There have been some, what I consider, bee sting moments too (well more like a wasp). In a way, I am relieved I can weed out the “possibles” from the “toss to the curbs”, thanks to some AP press, but let’s face it, those bee sting “Oh Wait, You’re Sick? I can’t handle sick!” moments happened both in my 20s and 30s. They were rare, but yes, they happened and nothing has ever been as shocking as a 3rd date I went on in my late 20s where the guy went nuts on me in a restaurant about how I misrepresented myself and he doesn’t deal with sick people. It was awful, he had had a few drinks, got louder, wouldn’t shut-up and I left in tears.
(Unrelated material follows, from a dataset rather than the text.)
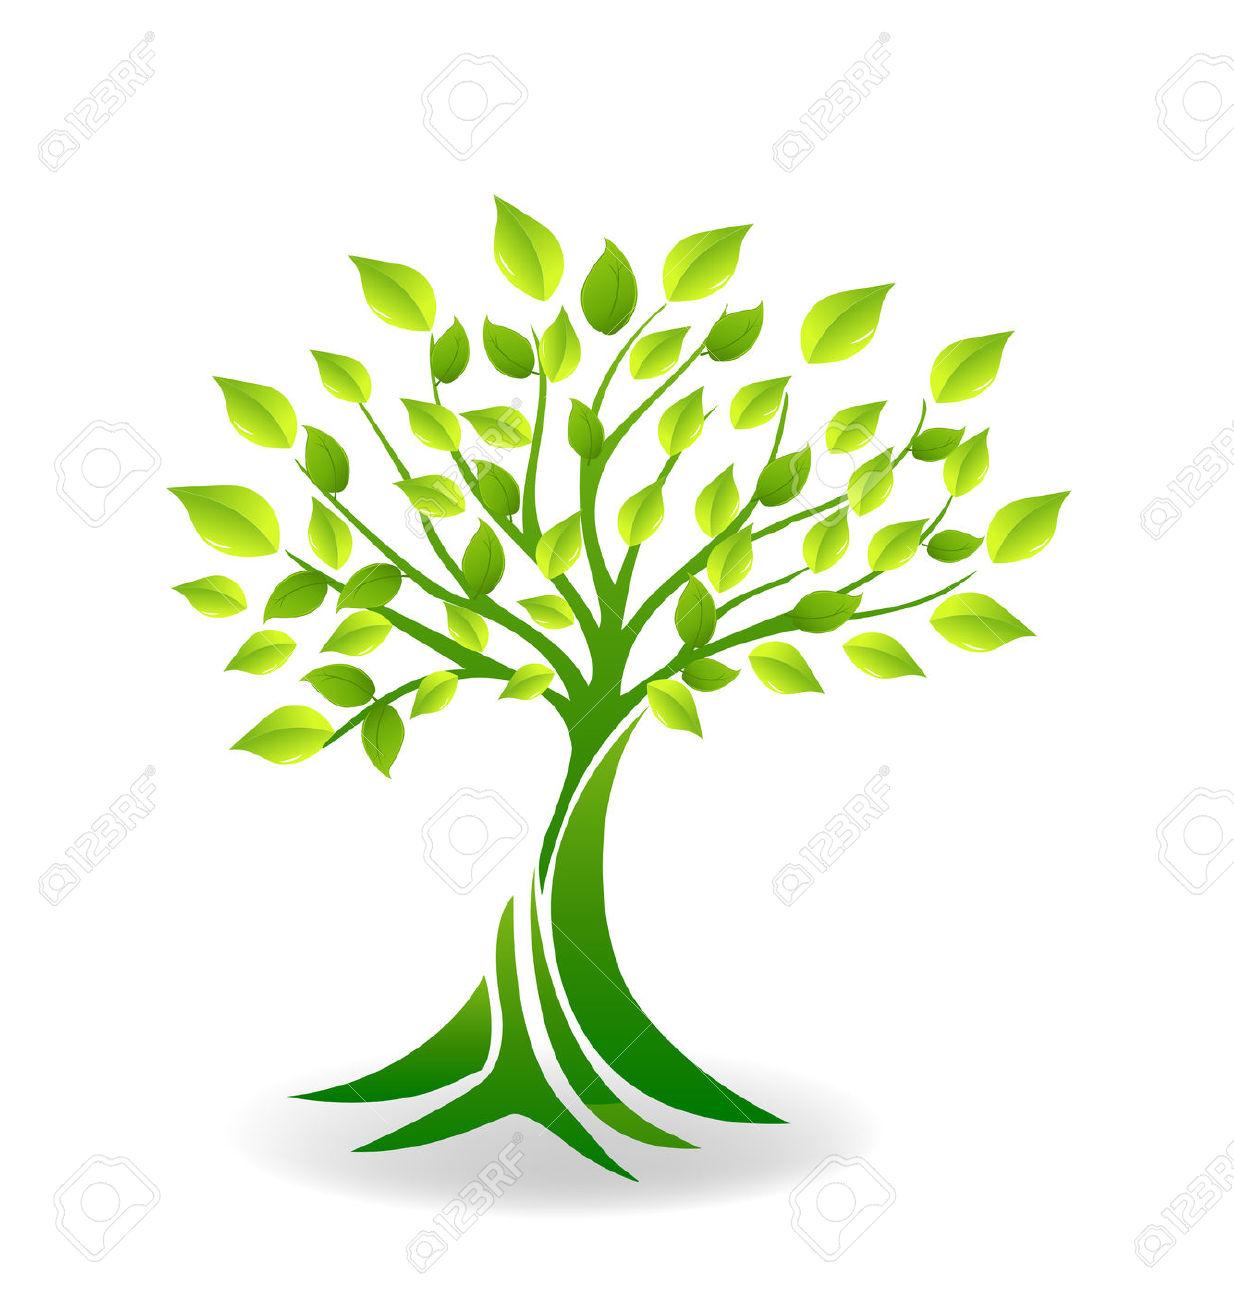 40999046 ecologie arbre logo vecteur banque d images wmnidn

The end of that story though is I’d been set up with him by a friend and a year later she told me he had testicular cancer. I wouldn’t wish that on anyone, even a boy who made me cry, but maybe he has a different perspective on “sick people” now.
So there you have it. This is one of a few things I don’t talk about online and for the record, I would do another AP trial again in a heartbeat. I would do all the press in the world and write as many stories about it as I could as I believe so strongly in research. The clinical trial experience is like nothing else I’ve ever done and it opened my mind and my heart to the people who are trying to bring this technology to all of us haunted by T1D (sorry I couldn’t resist). I might get a Casper cut-out on my bike for the JDRF Burlington ride.
And as for the question of why this is important to keep to myself, I just realized it isn’t, is it?